We can use Coulomb's law to relate the force of interaction between the charges to their separation distance and the permittivity of the medium:
F = (1/4πε) * q1 * q2 / r^2
where F is the force of interaction, ε is the permittivity of the medium, q1 and q2 are the magnitudes of the charges, and r is the separation distance.
We want to find the new separation distance r' in the oil such that the force of interaction is the same. Let's set up a proportion:
F / ε = F' / ε'
where F is the original force of interaction in air, ε is the permittivity of air (which is approximately 1), F' is the desired force of interaction in oil, and ε' is the permittivity of oil (which is given as 5).
We can rearrange this equation to solve for r':
F' = F * ε' / ε = (1/4π) * q1 * q2 * (ε' / ε) / r'^2
r'^2 = (1/4π) * q1 * q2 * (ε / ε') * (1 / F')

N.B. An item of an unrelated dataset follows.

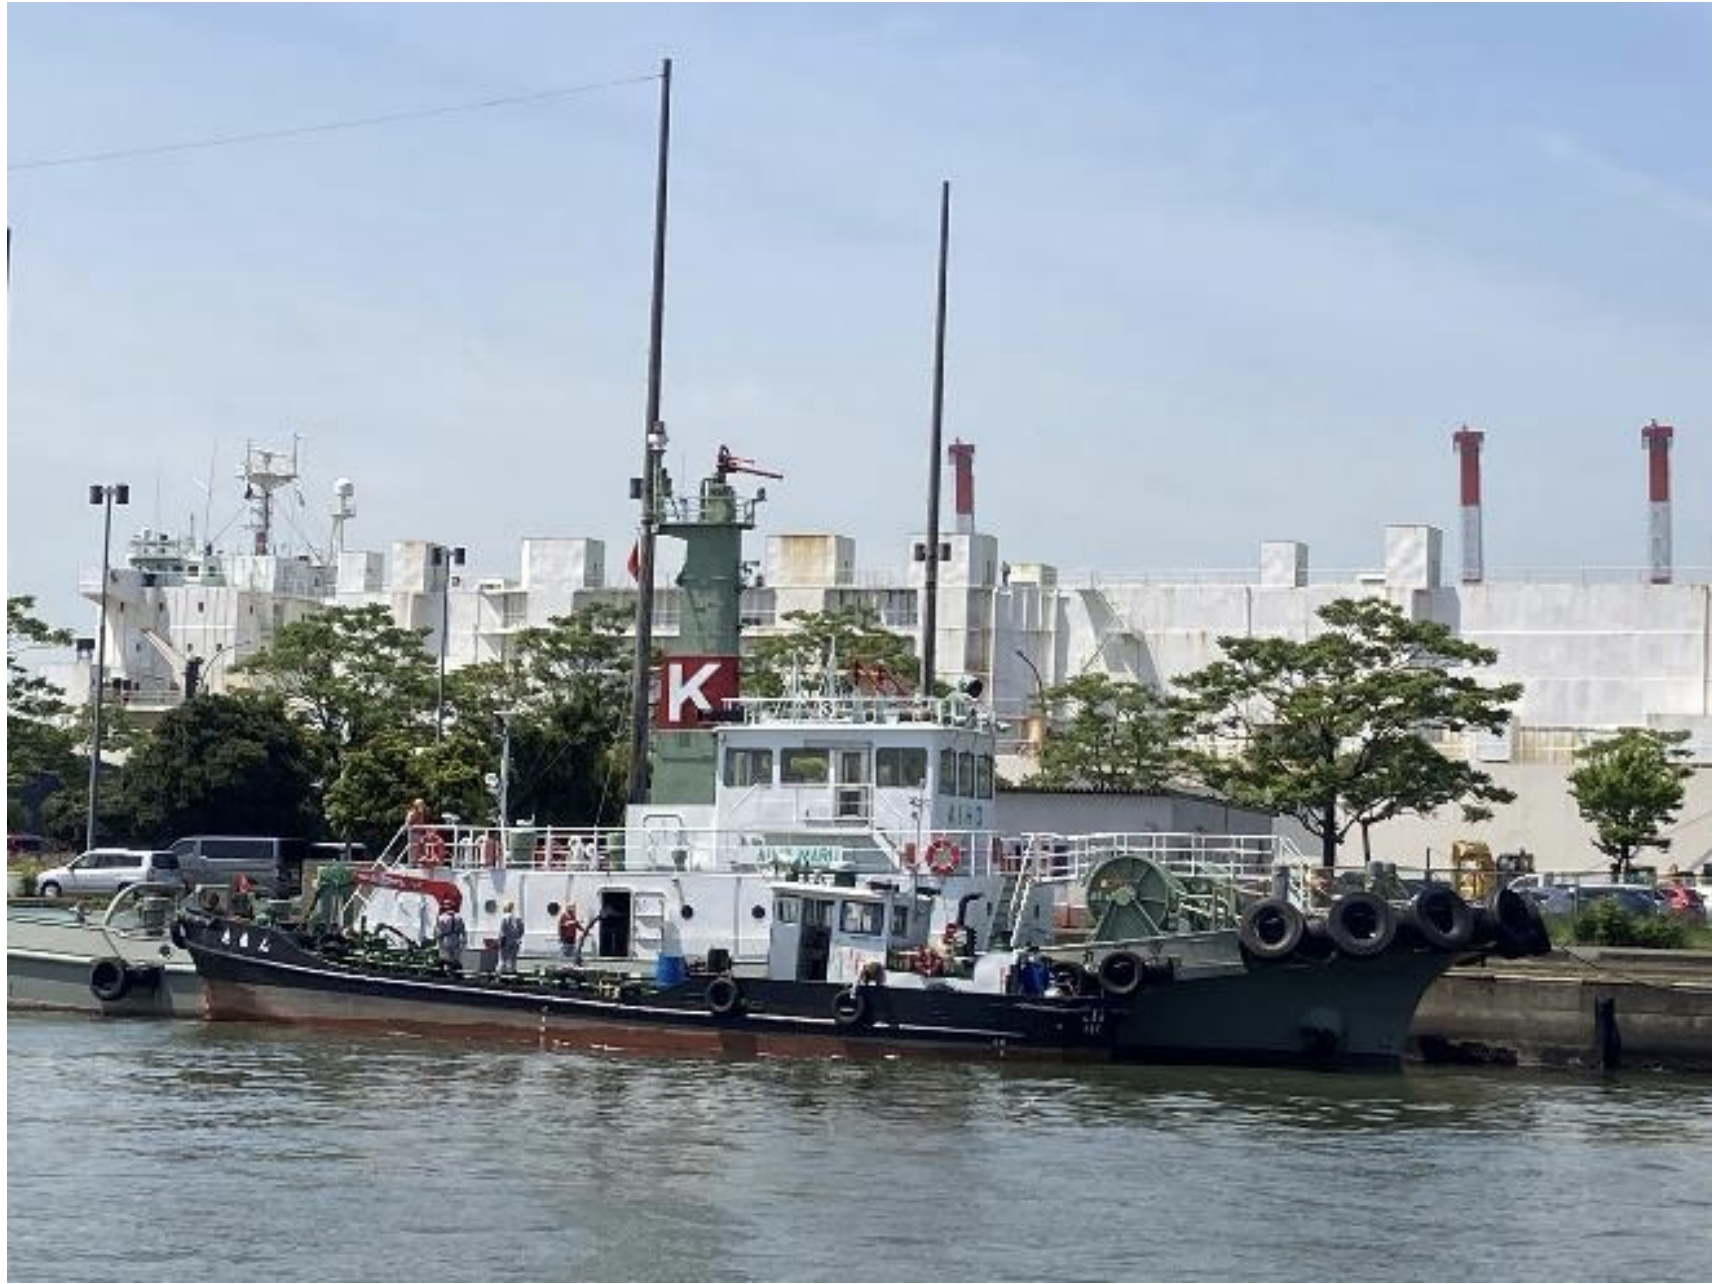 Japan: “K” LINE conducts biodiesel bunker trial on tugboat “Aihomaru”

Plugging in the values given in the problem, we get:
r'^2 = (1/4π) * (2 μC)^2 * (ε / ε') * (1 / F) = (1/4π) * (2 × 10^-6 C)^2 * (1 / 5) * (1 / F) = 8.94 cm^2
Taking the square root of both sides, we get:
r' = 2.99 cm
Therefore, the two charges should be placed 2.99 cm apart in the oil to obtain the same force of interaction as in air.
F = (1/4πε) * q1 * q2 / r^2
where F is the force of interaction, ε is the permittivity of the medium, q1 and q2 are the magnitudes of the charges, and r is the separation distance.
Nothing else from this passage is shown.